Ava Max, Diamonds & Dancefloors
Released on: January 27
Buy it on vinyl
Interpolation Nation’s strongest soldier does it again! Miss Max simply can’t be tamed (or restrained from rehashing a ’00s hit), and even though the signature lopsided blonde wig went away for this go-around, her proclivity to provide us with perfect pop bops remains stronger than ever. The singles did what they needed to do, sure, but it’s the bangers deeper inside – “Sleepwalker, “Turn Off the Lights,” “Get Outta My Heart” – that hit even harder.
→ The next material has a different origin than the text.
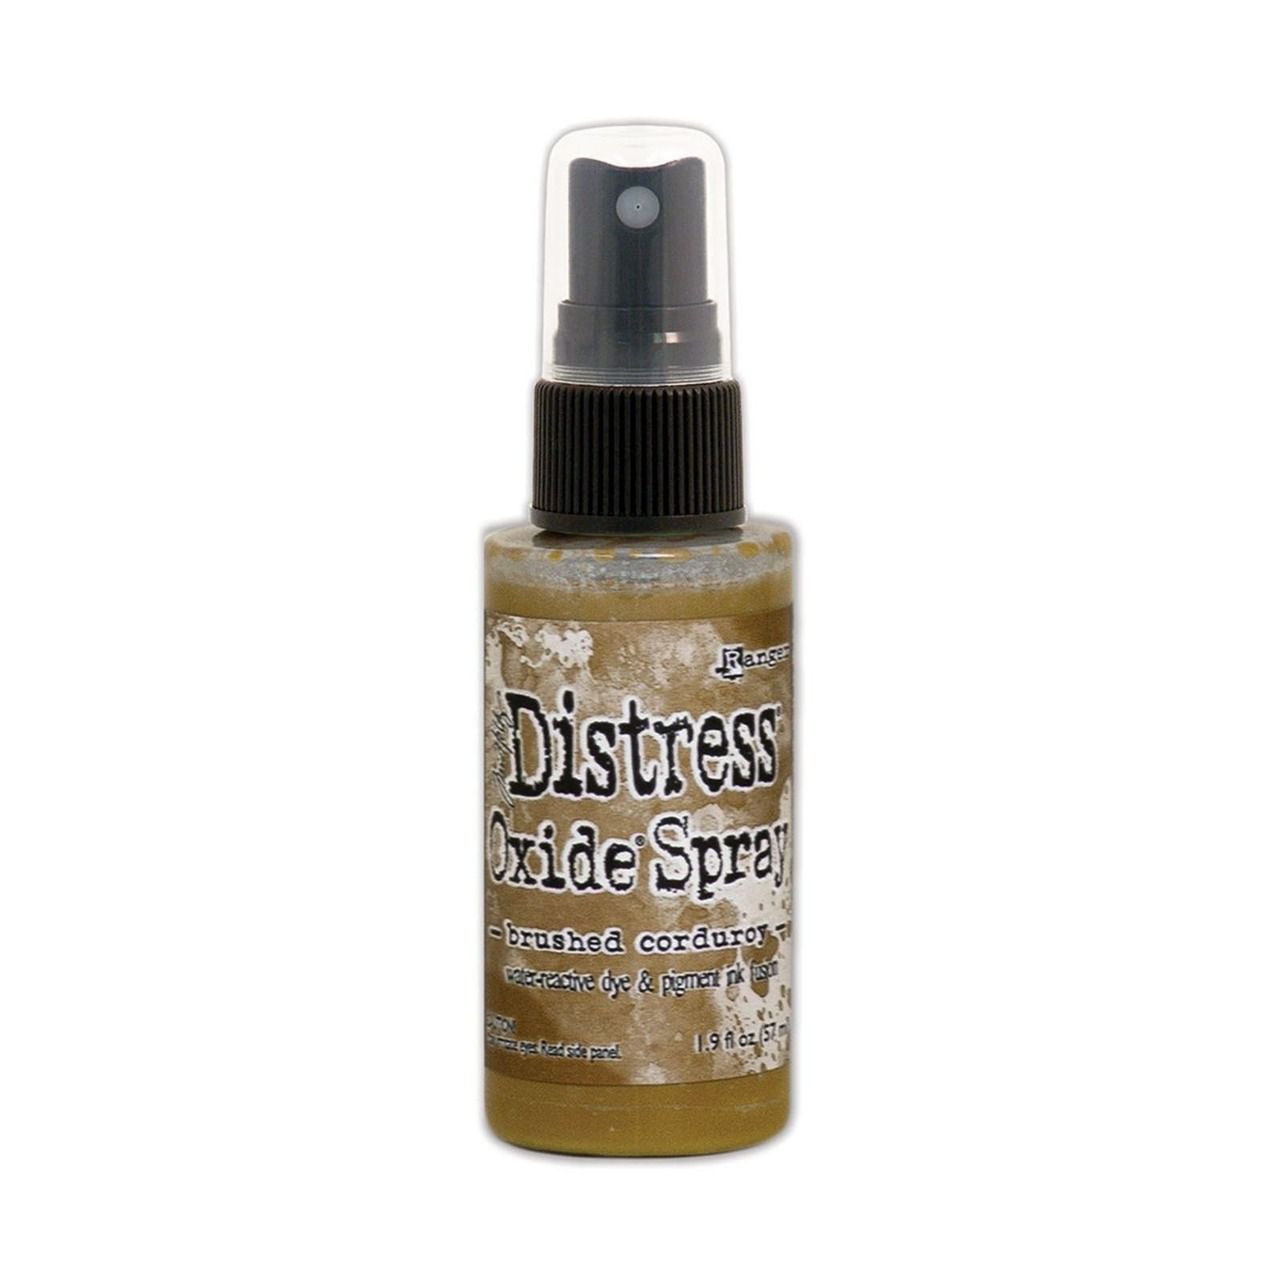 Distress spray oxide : Brushed corduroy

My night out with the Albanian sensation for Nylon was also the most wild and fun thing I wrote this year, easily.
Addison Rae, AR
Released on: August 18
Buy it on vinyl
In what was easily the year’s most unlikely release, the TikTok dance superstar-turned-Thanksgiving Queen broke the Internet (well, my WiFi anyway) with the surprise release of the best discards from her lost, leaked debut album sessions. “I Got It Bad” unironically remains a pop masterpiece co-crafted with the “…Baby One More Time” maestro himself Rami Yacoub, and deserved to go No. 1 for 50 fucking weeks. “2 Die 4,” now with a special feature from Charli XCX, was already a viral hit in unreleased form. Her cheery take on shelved Gaga scrap “Nothing On (But the Radio)” is pure pop bliss, as well as her maligned, Selena Gomez-adjacent single that started it all, “Obsessed.” Addison Rae the Pop Star will have her day, eventually.
And there you have it.
Here’s wishing on a star for Robyn’s return to Save Pop™ in 2024. And perhaps the other Robyn – Robyn Rihanna Fenty – should she remember that she was once a pop star. Hey, a boy can dream.
Happy holidays, and have a Happy New Year!